Beras analog ini diklaim menyehatkan dan tidak mengandung bahan kimia seperti beras yang berbahan baku plastik yang diduga banyak beredar di pasar Indonesia saat ini.
Dikutip dari situs resmi Sekretariat Kabinet (setkab.go.id), Senin 25 Mei 2015, Deputi Kepala BPPT Bidang Teknologi Agroindustri dan Bioteknologi, Listyani mengatakan, bahan baku beras tiruan ini berasal dari jagung dan ubi-ubian yang tumbuh subur di Indonesia.
"Beras ini berasal dari jagung, ubi kayu, dan atau sagu, sehingga dijamin aman bahkan mempunyai manfaat kesehatan seperti indeks glikemik rendah," kata dia.
Menurut Listyani, meskipun sama-sama tiruan, beras analog sangat berbeda dengan beras plastik. Karena, dalam jangka pendek beras plastik dapat menyebabkan keracunan, dan dalam jangka panjang akan merusak organ-organ tubuh seperti ginjal serta organ pencernaan.
Sementara itu, beras analog yang dikembangkan BPPT sama sekali tidak menggunakan bahan baku kimia, sehingga tidak mengganggu kesehatan.
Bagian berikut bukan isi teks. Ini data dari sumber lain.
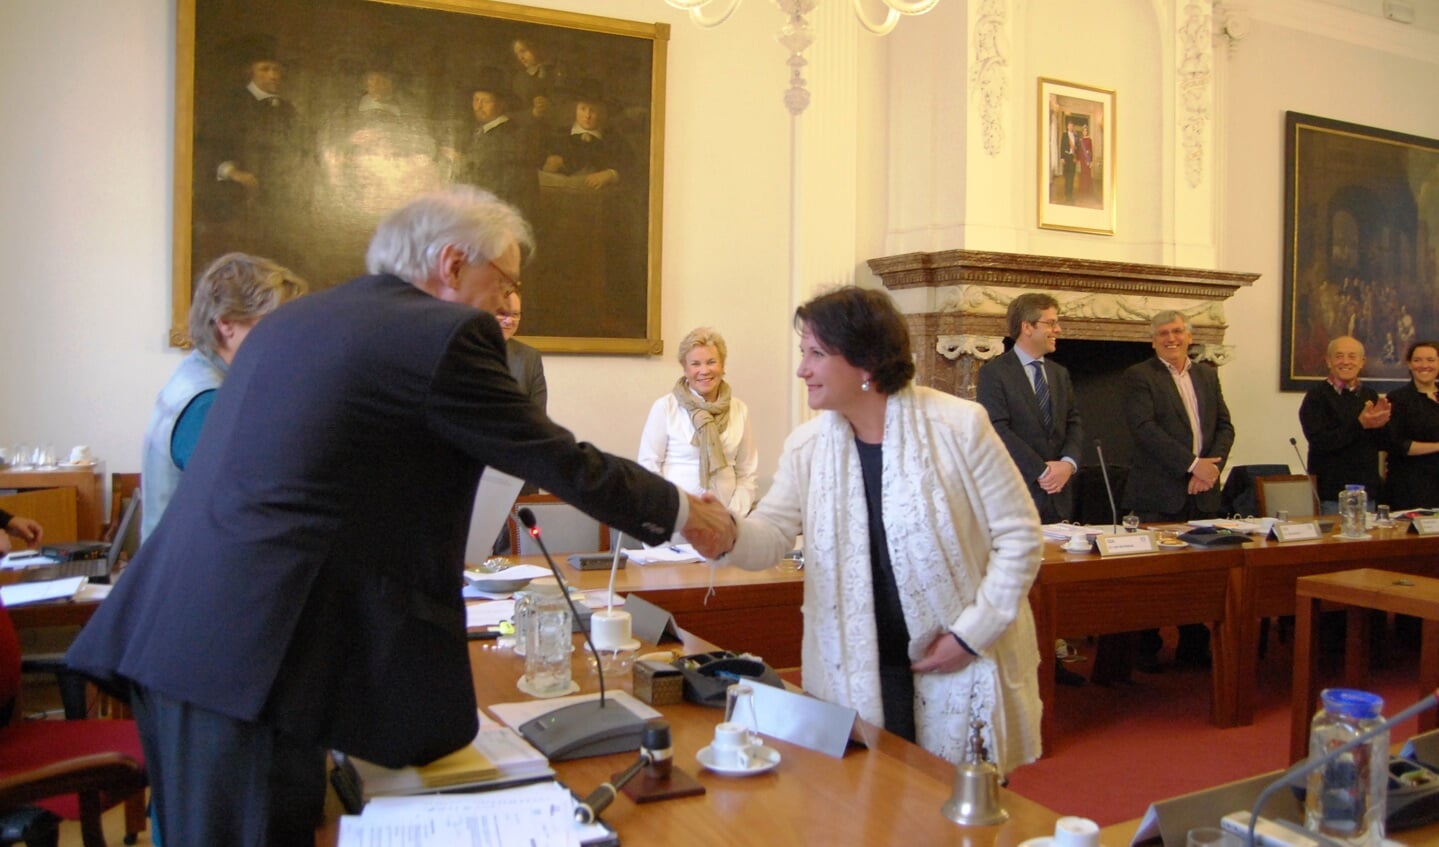 De nieuwe burgemeester feliciteert Bianca Sikma-Rootsaert met haar commissielidmaatschap

Karena itu, di samping teknik proses produksinya terus dikembangkan, diseminasi teknologi juga telah dilakukan melalui pelaku usaha (UKM) di beberapa daerah.
"Yang paling penting, beras analog ini menggunakan bahan baku lokal, sehingga mengurangi ketergantungan akan pangan impor, termasuk impor beras," tuturnya. (art)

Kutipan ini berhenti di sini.